US-based Moody's Investors Service has maintained its stable outlook on the Indian banking system as operating conditions of the sector are seen steady on account of improving consumer and business confidence along with domestic demand. According to the rating agency, gradual economic recovery will support Indian banks' financial fundamentals.
Expecting the banking sector's financial fundamentals to improve ahead, Moody's in its research note said, declines in loan-loss provisions and increases in net interest margins will boost banks' profitability. Capitalization, funding, and liquidity will be stable and support loan growth.
In Moody's opinion, banks operating environment will be stable as the economy gradually recovers from the pandemic.
Moody's expects India's economy to continue to recover in the next 12-18 months, with GDP growing 9.3% in the year ending March 2022 (fiscal 2022) and 8.4% in the following year.
It said, "improving consumer and business confidence, as well as improving domestic demand, will support economic growth and credit demand. However, the global economic fallout from the Russia-Ukraine military conflict will create some risks as it fuels inflation because of rising oil prices and driving down the value of the local currency, which will increase pressure on India's central bank to raise interest rates. Increasing corporate earnings and easing funding constraints for non-bank finance companies, which are significant borrowers from banks, will support loan growth."
"We expect growth in bank loans to accelerate to 12%-13% in fiscal 2023 from 5% in fiscal 2021," Moody's said in its note.
Moody's sees banks' asset quality to improve with non-performing loan (NPL) ratios to decline due to recoveries or write-offs of legacy problem loans while the formation of new NPLs will be stable as the economy recovers.
The loan growth will help banks push NPL ratios down by expanding the overall pool of loans, even though new defaults may arise from loans that have been restructured because of economic disruptions from the pandemic, Moody's highlights.
Moody's note said, "The quality of corporate loans will be stable, supported by growth in earnings and a cleanup of legacy problem loans to corporates, while risks will linger in loans to retail borrowers and small and medium-sized enterprises because relief measures for them have somewhat masked stress among them."
As of December 31, 2021, the asset-weighted average of rated banks' gross NPL ratios nearly halved to 5.7% from a peak of 10.3% that was recorded at the end of March 2018.
Further, banks' capital will be stable. Moody's said, "improving profitability will offset increases in capital consumption due to an acceleration in loan growth, helping banks across the system maintain capital at current levels. Capital ratios at public sector banks (PSBs) have improved in the past year, helped by capital infusions from the government. Also, PSBs, as well as their private sector banks, have proactively sought to raise capital from the equity capital market, taking advantage of improvements in profitability to attract investor interest."
By end of 2021, the rated private sector banks had an asset-weighted average Common Equity Tier 1 (CET1) ratio of 15.8%, which in Moody's view, positions them well to capture opportunities to grow loans as economic conditions improve.

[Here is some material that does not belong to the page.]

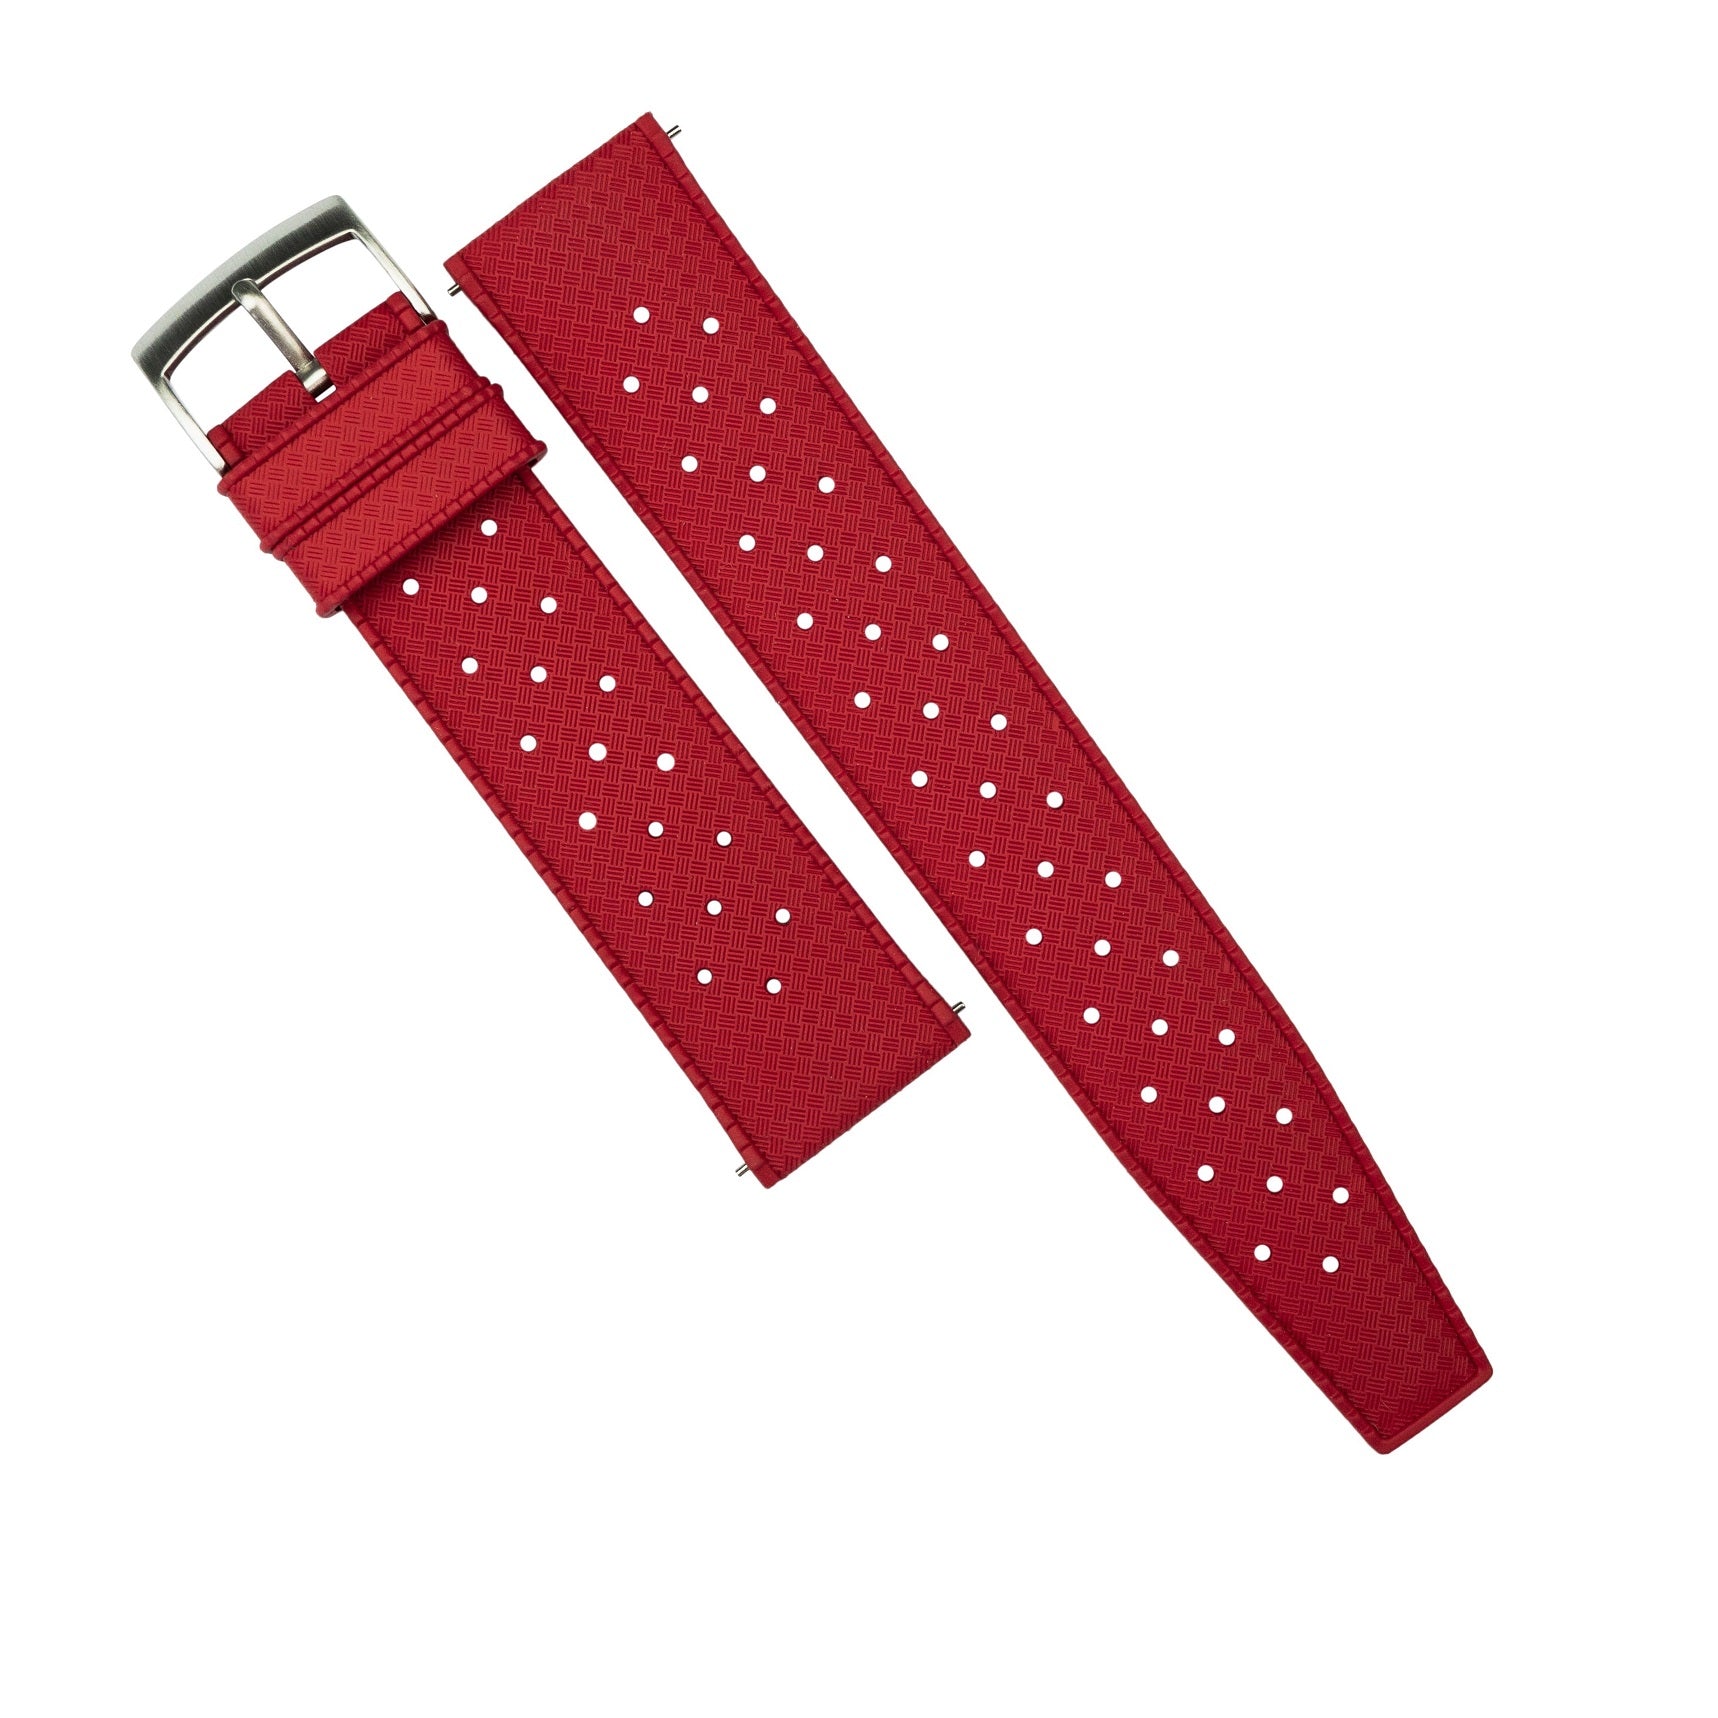 Tropic FKM Rubber Strap in Red (20mm) - Nomad Watch Works Malaysia

However, government-owned banks capitalization remains weaker than that of their private-sector peers, but Moody's also states that their asset-weighted average CET1 rose to 10.5% by 2021-end from 10.0% as of 31 March 2021. Adding, Moody's said, further improvements in PSBs' financial health will continue to help them raise equity capital from the market, reducing their dependence on capital support from the government.
Profitability will improve due to growth in pre-provision earnings and declines in loan-loss provisions.
As per Moody's, gradual increases in domestic interest rates will boost net interest margins because banks will be able to pass on higher rates to borrowers, while their funding costs will increase marginally because banks have reduced the share of high-cost corporate term deposits in total deposits. Stable asset quality and existing provisions against legacy stressed assets will allow banks to reduce loan-loss provisions. The return on assets of rated PSBs and private sector banks rose materially to 0.6% and 1.5%, respectively, in the nine months ended December 2021 from -0.4% and 0.7% in the fiscal year ended March 2018.
In regards to funding and liquidity, Moody's expects them to be stable for both public and private sector banks. Moody's highlights that deposit growth will slow because corporates and individuals will use excess cash for consumption and new business opportunities. Still, increases in low-cost current and savings account deposits will help banks keep funding costs stable even as interest rates rise.
For public sector banks, Moody's believes government support to remain very strong. But in the case of private sector banks, the rating agency expects government support to vary, based on each bank's systemic importance.
Lastly, for resolving a distressed private sector bank, Moody's expects the Reserve Bank of India to impose losses on holders of Additional Tier 1 and Tier 2 securities before the government steps in to support its depositors and senior creditors.